Придвигает меня к столешнице. Упирает руки в ее края и нависает сверху своей мышечной массой. Свирепое лицо склоняется надо мной. Губы сжаты в тонкую полоску, а взгляд испепеляет.
– Не сжимай челюсти, Баров, сотрешь зубы в порошок, – елейным голоском советую, стараясь не показывать, что он застиг меня врасплох.
– Очень умная, да? – вцепляется пальцами в мой подбородок, подтягивая его наверх.
Атмосфера сгущается,
Мысли напрочь улетают из головы от близости Барова. Нервно сглотнув, пытаюсь избавиться от наваждения. Ответить новой колкостью, оттолкнуть его, физически воспрепятствовать. Но не могу. Это сильнее меня.
Да и ведь потом от него будет вонять луком.
Надо ловить момент. Нелепое оправдание, Исаева…
Последняя здравая мысль, перед тем как его губы вжимаются в мои. Удар молнии, не иначе.
Меня прошибает электричеством, шарашит по полной, бьет в солнечное сплетение. Самообладание летит к чертям. И я кидаюсь в этот поцелуй, как в омут с головой.
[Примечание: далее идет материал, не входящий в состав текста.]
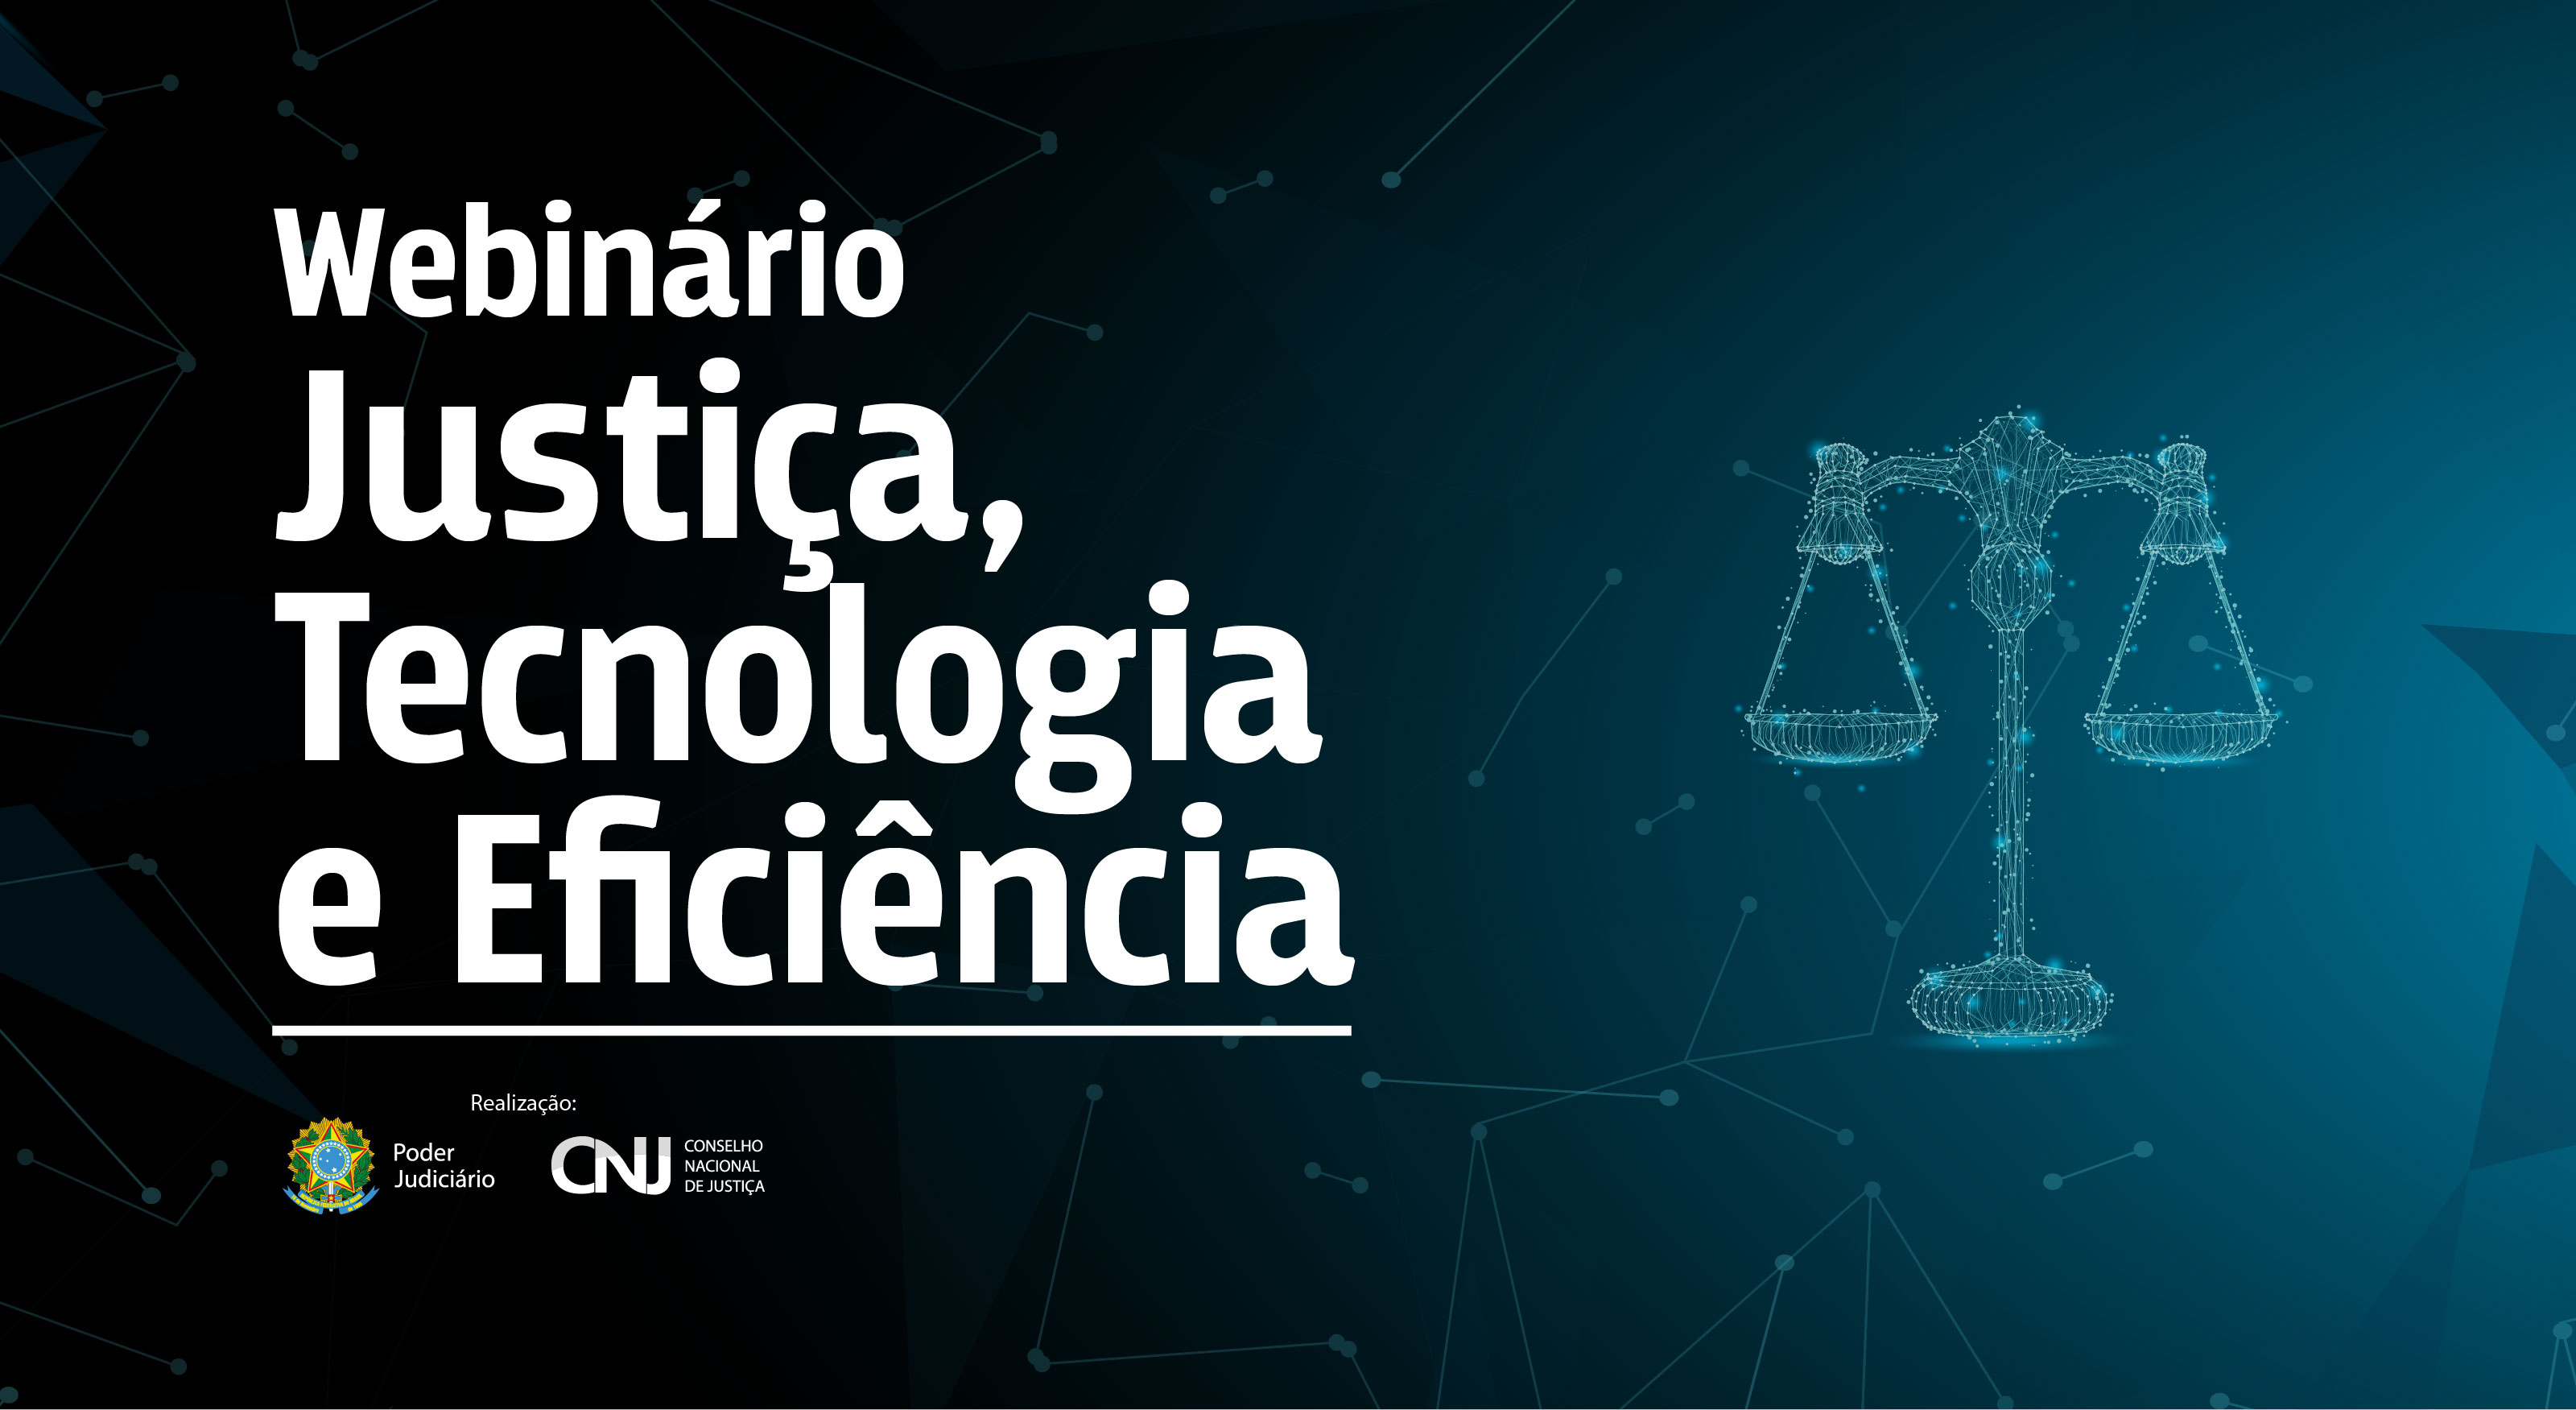 INSTITUCIONAL: Webinário Justiça, Tecnologia e Eficiência do CNJ acontece nesta quinta-feira (24)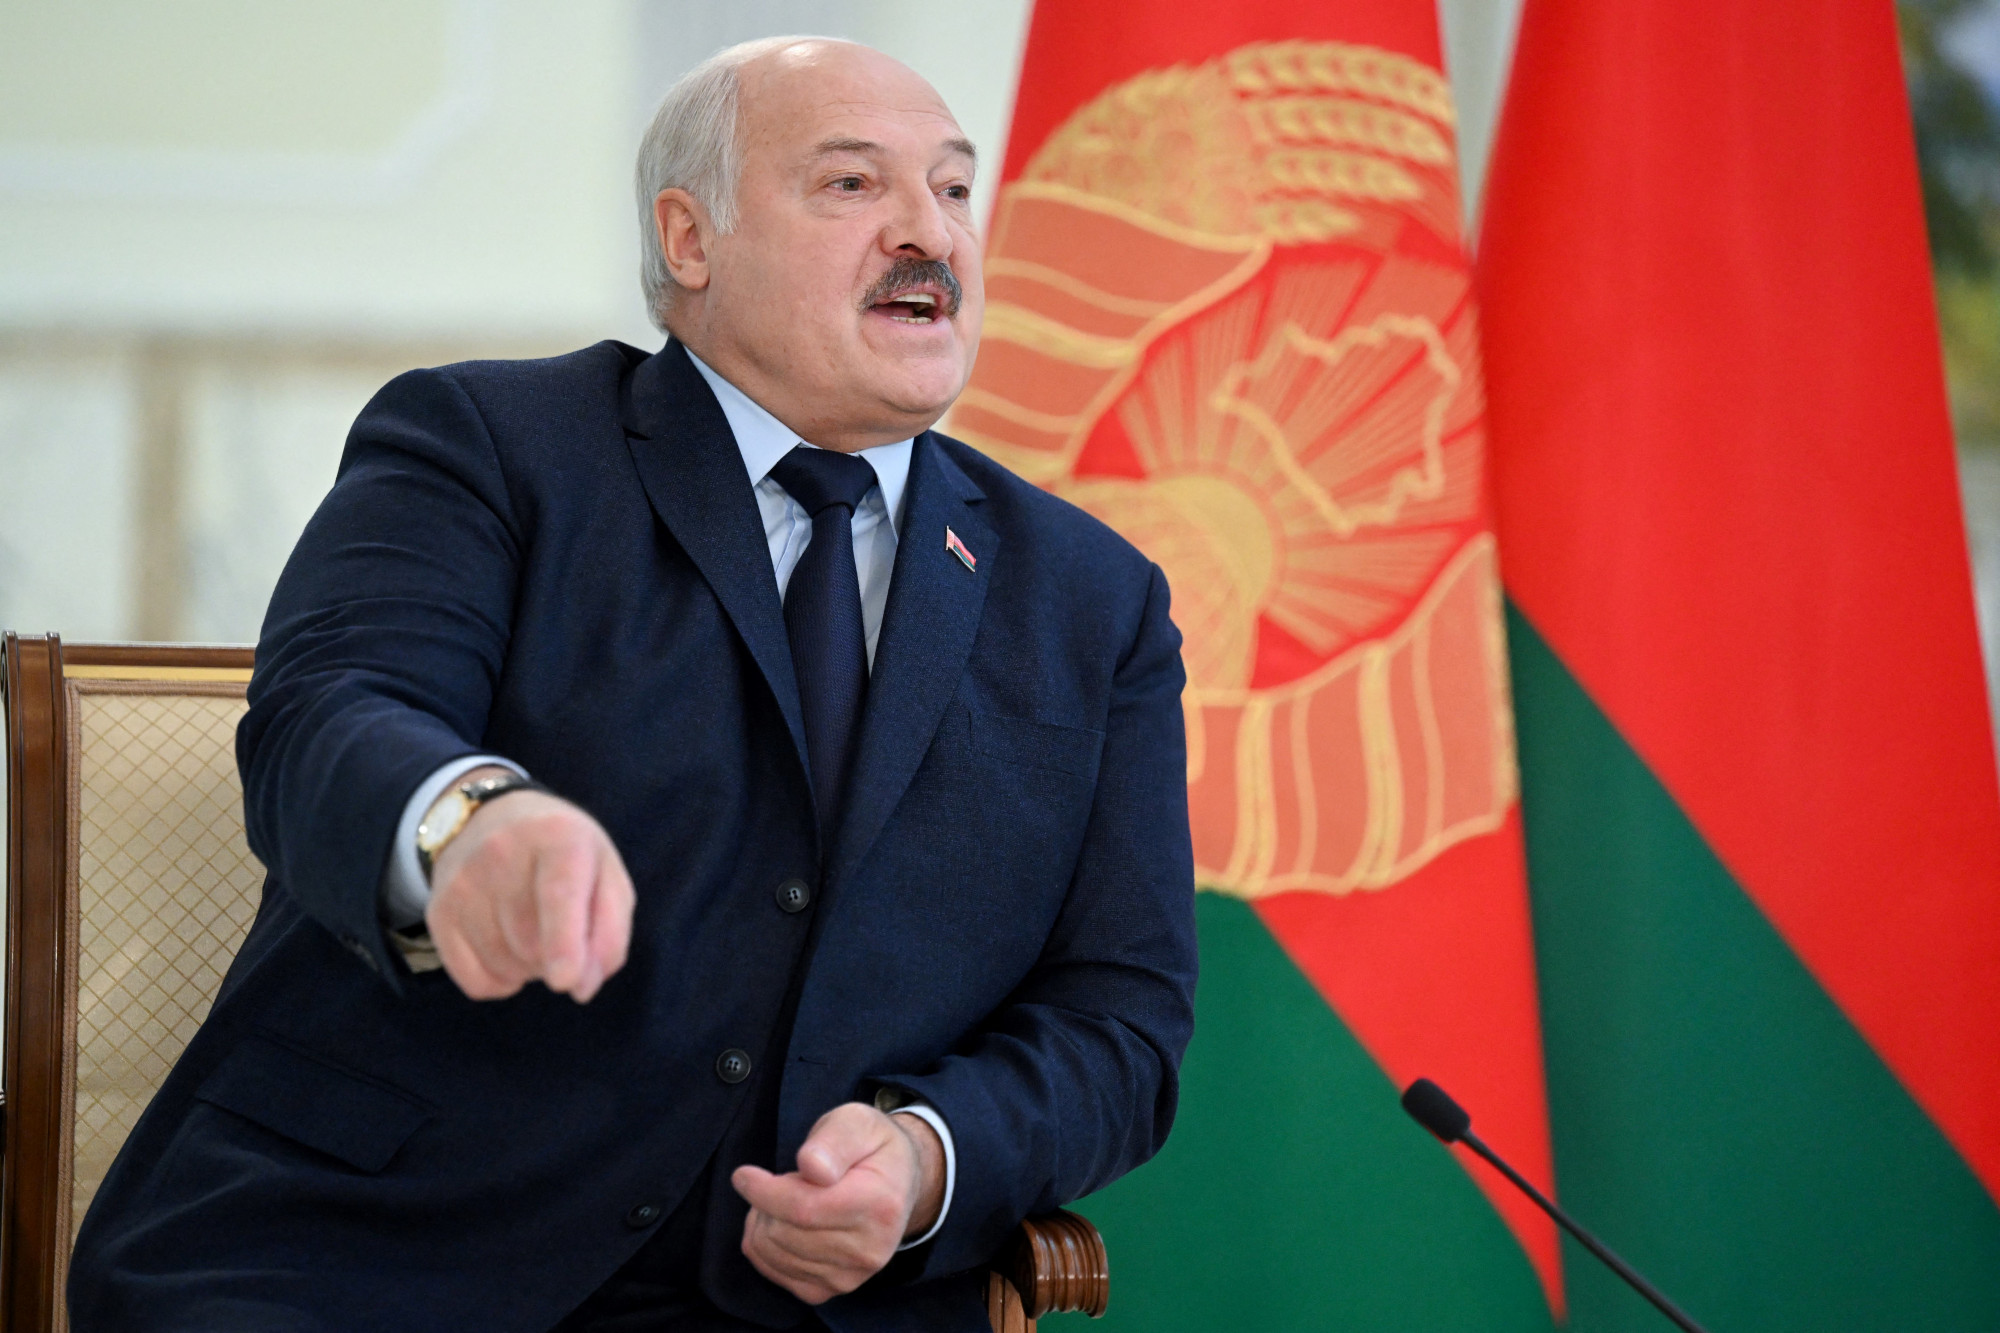 Lukasenka nem ment el a nemzeti lobogó ünnepére, valószínű, hogy vírusos betegséggel küszködik

Жадные, голодные поцелуи, болезненное узнавание того, как может быть только с ним, только с ним одним. Жаркое дыхание и лишь ему присущий вкус. Целуемся как одержимые. Как будто сегодня последний день на Земле.
А мы – единственные люди на ней, ответственные за продолжение человеческого рода.
Черт, я скучала.
Бешеный напор сменяются неторопливой нежностью, язык Барова лениво гладит мои губы, уже не толкаясь во влажную глубину.
Я словно пьяная, держусь на последней ниточке, боясь упасть с обрыва в пропасть, полететь туда и погибнуть, разбившись с позором.
Кто я после того, как позволила случиться этому поцелую?
Слабачка. Поплыла, как желе. Дура!
Мне нужно срочно сказать какую-то гадость, чтобы испортить момент и разорвать это чертово притяжение между нами…
– Еще раз поцелуешь, приду к тебе ночью и прикончу! – сощурившись, выдаю, когда он отрывается от моих губ и смотрит в упор с победным блеском в глазах.
Баров будто был готов к чему-то подобному.
Спокойно отпускает меня и отходит на расстояние к холодильнику.
– И что? Даже ничего не скажешь? – неистово злюсь от его железобетонного спокойствия, которое он демонстрирует.
Поворачивается ко мне и скрещивает руки на груди, скалясь, как пират.
– Ты придешь ночью. Это всё, что я услышал.
Застываю на месте. Ничего себе заявление.
Да как он смеет! Я приду к нему? Скорее полюса света сменят друг друга!
– Знаешь что! – вскидываюсь, дергая головой.
Губы еще горят от жаркого поцелуя. А Баров убивает своей невозмутимостью.
– Что? – изгибает бровь в дугу. Уголок губ поднимается кверху. Смешно ему?
– Ничего! – выпаливаю глупо, скукоживаясь на месте.
Конец ознакомительного фрагмента.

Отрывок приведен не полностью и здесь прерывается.